**What needs to be done:**
What you return should match the material below line for line, except that no image appears in it.

**Given data:**
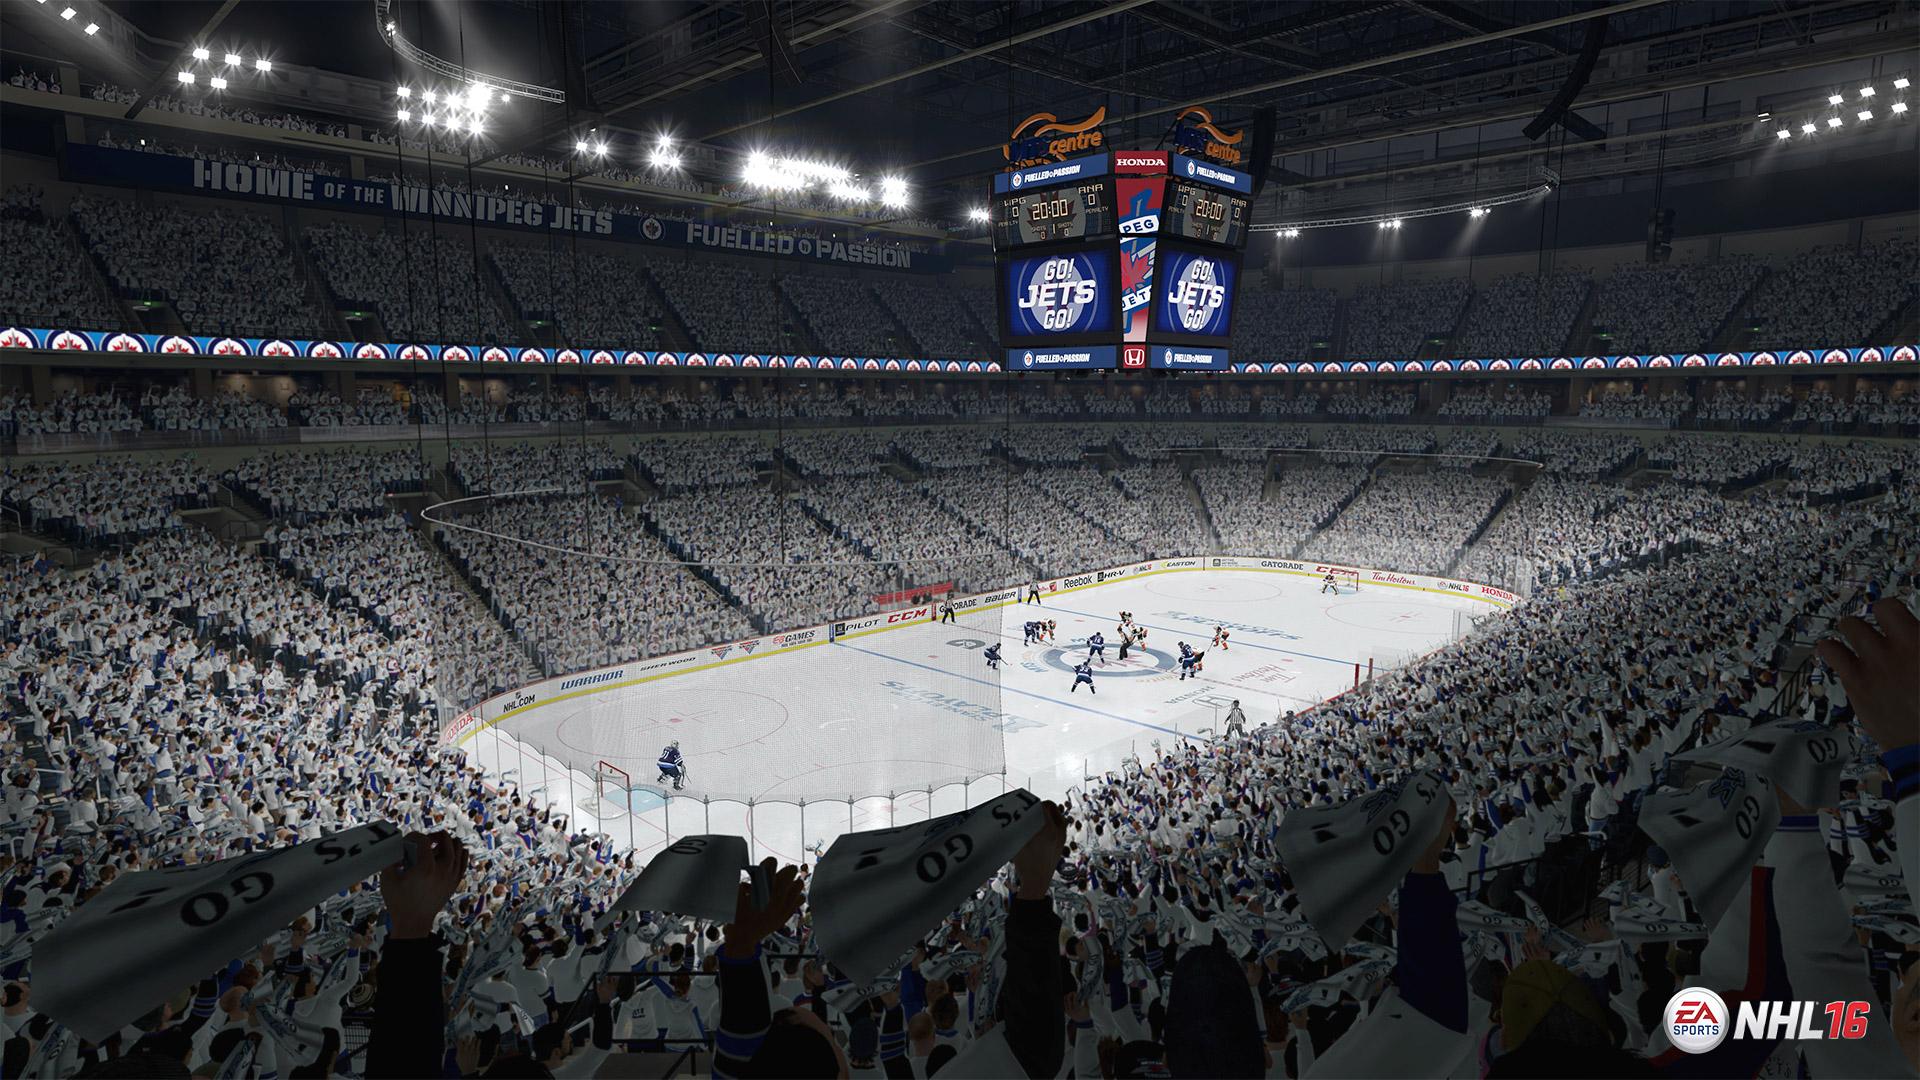 Free NHL 16 Wallpaper in 1920x1080
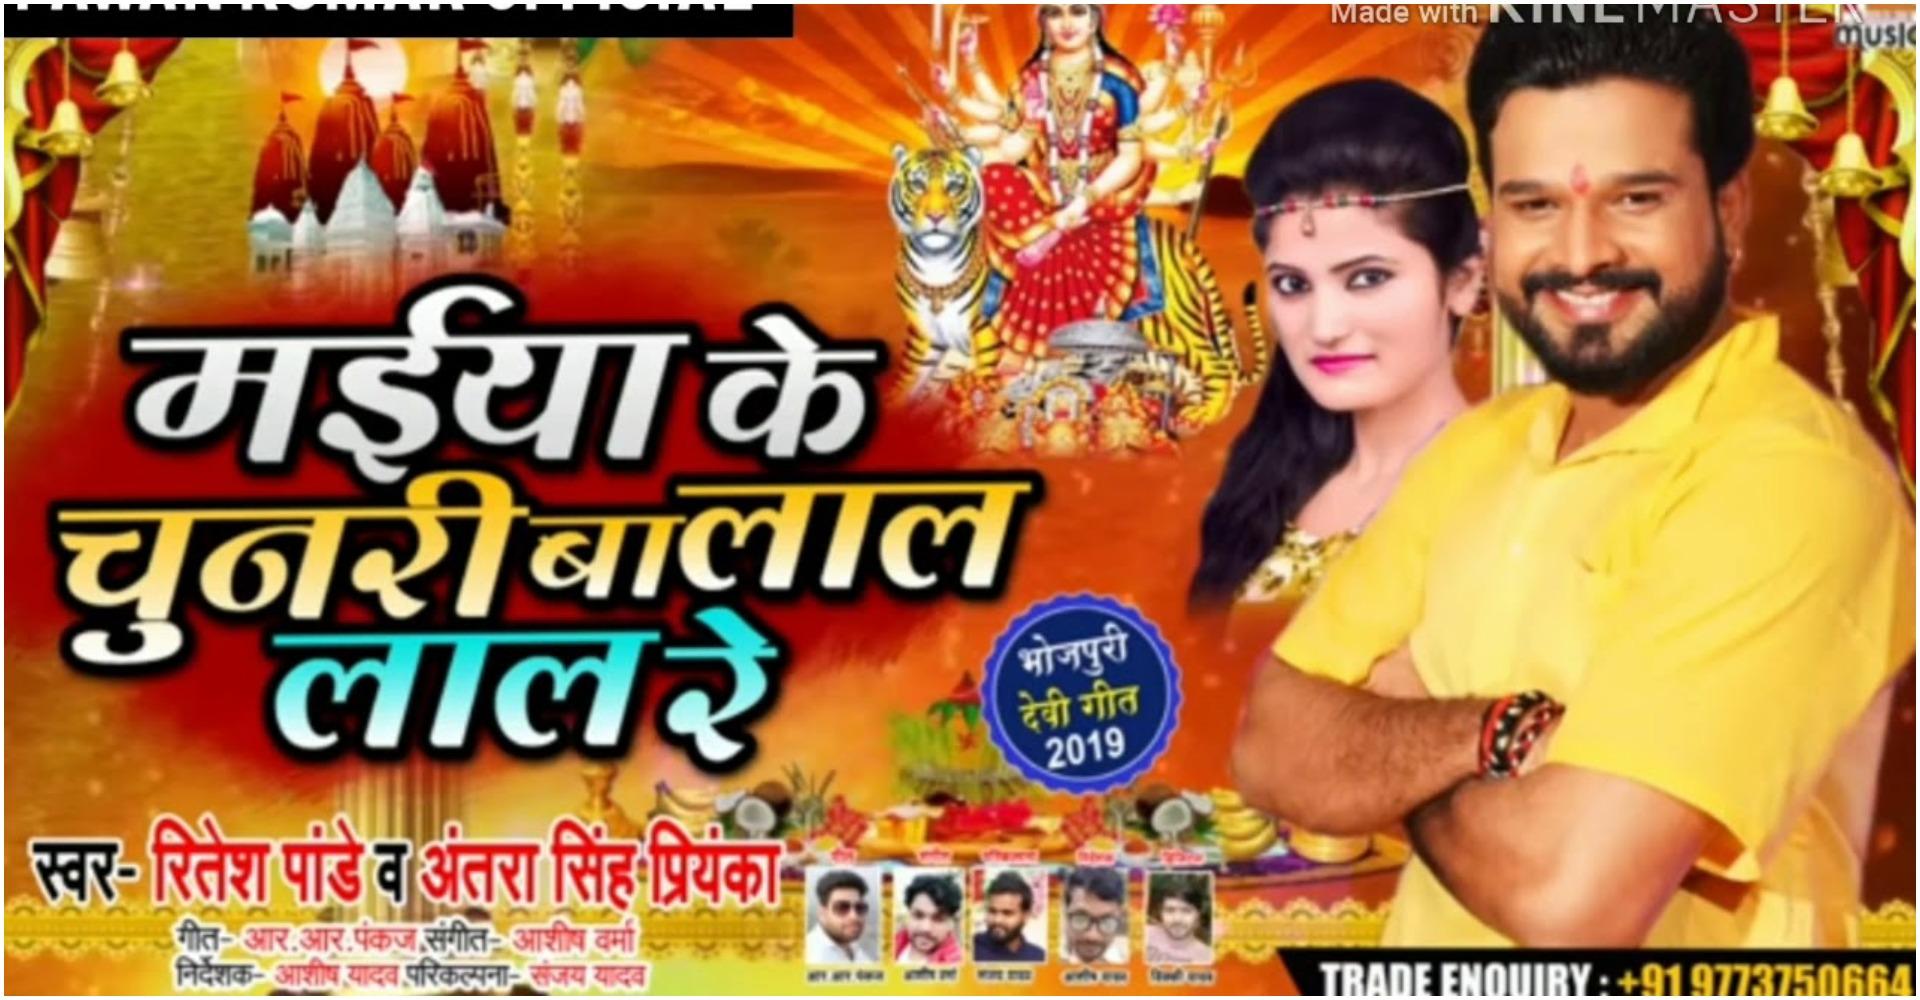 MaiyaJi KeChunri Ba Lal Lal Re Song: रितेश पांडे का नया गाना मचा रहा है धमाल, अब तक मिले इतने लाख व्यूज
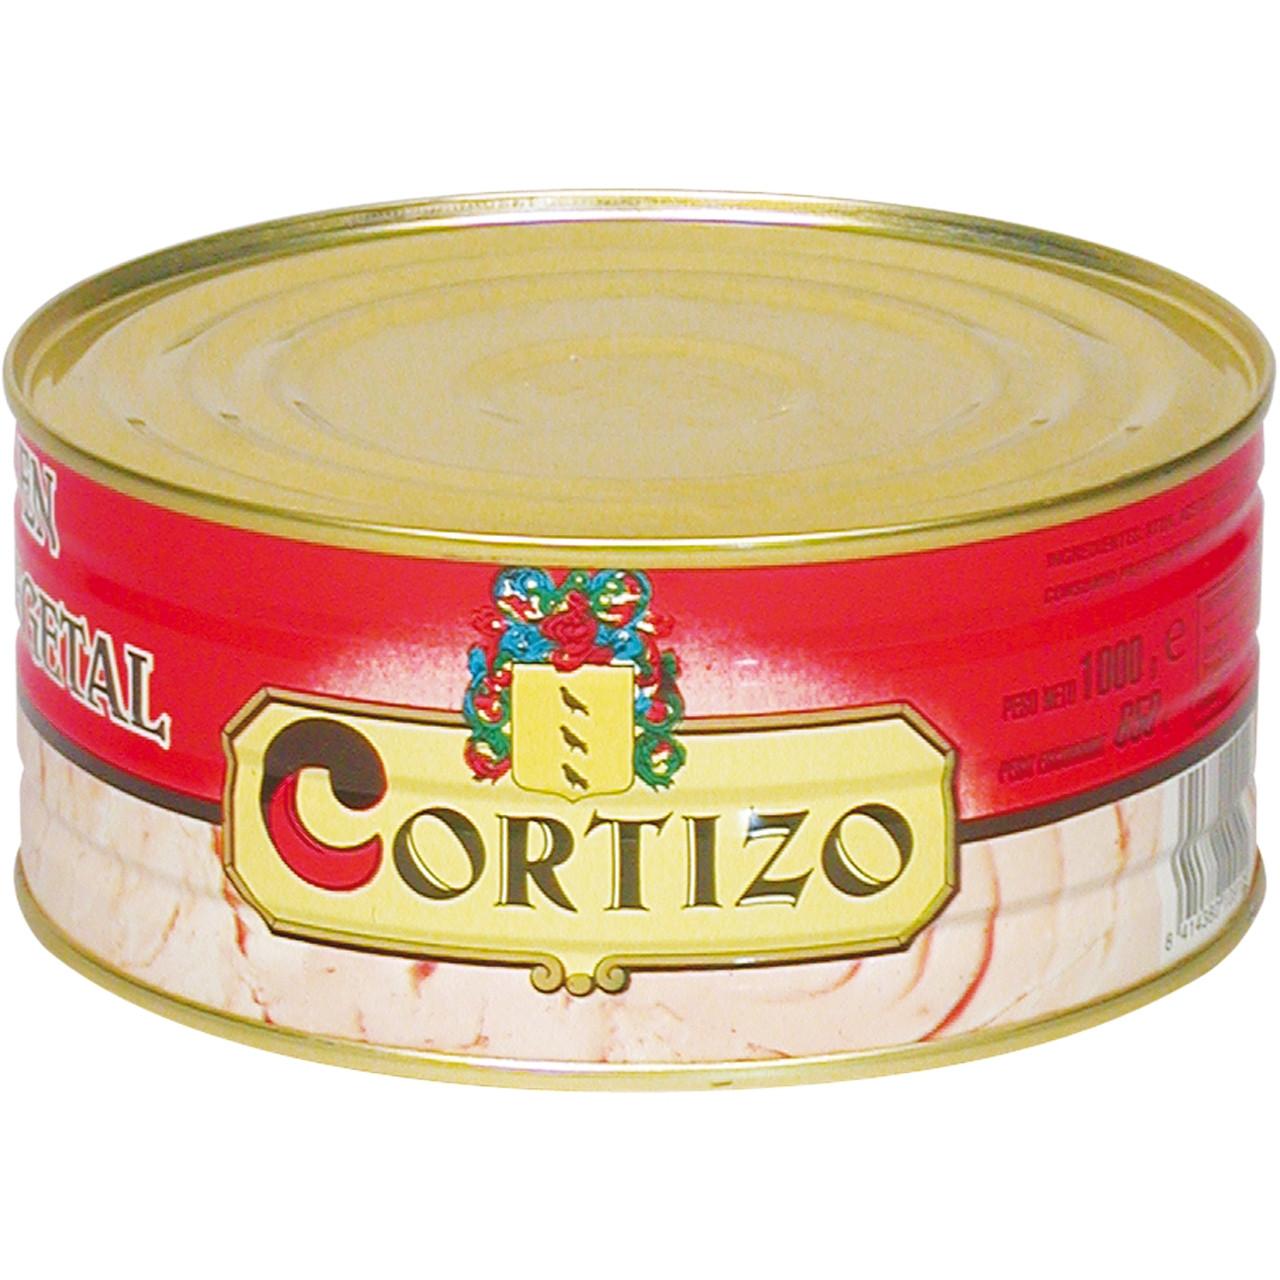 Tonyina ratll. Cortizo ro-900
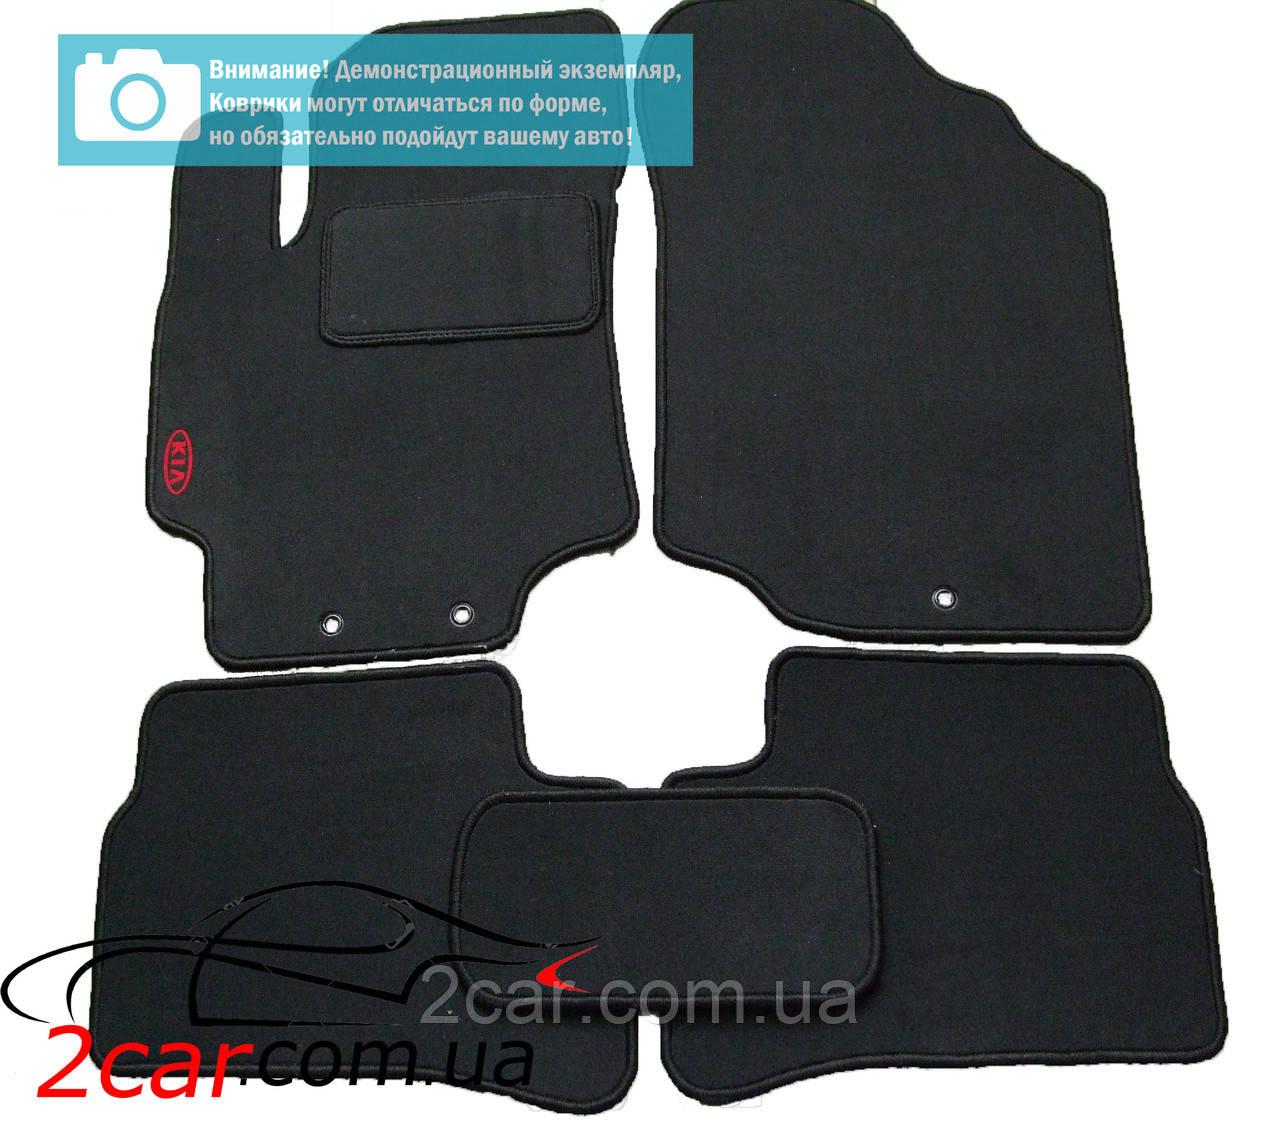 Текстильные коврики в салон для ВАЗ 2111 (StingrayUA)

**Answer below:**
 Free NHL 16 Wallpaper in 1920x1080
 MaiyaJi KeChunri Ba Lal Lal Re Song: रितेश पांडे का नया गाना मचा रहा है धमाल, अब तक मिले इतने लाख व्यूज
 Tonyina ratll. Cortizo ro-900
 Текстильные коврики в салон для ВАЗ 2111 (StingrayUA)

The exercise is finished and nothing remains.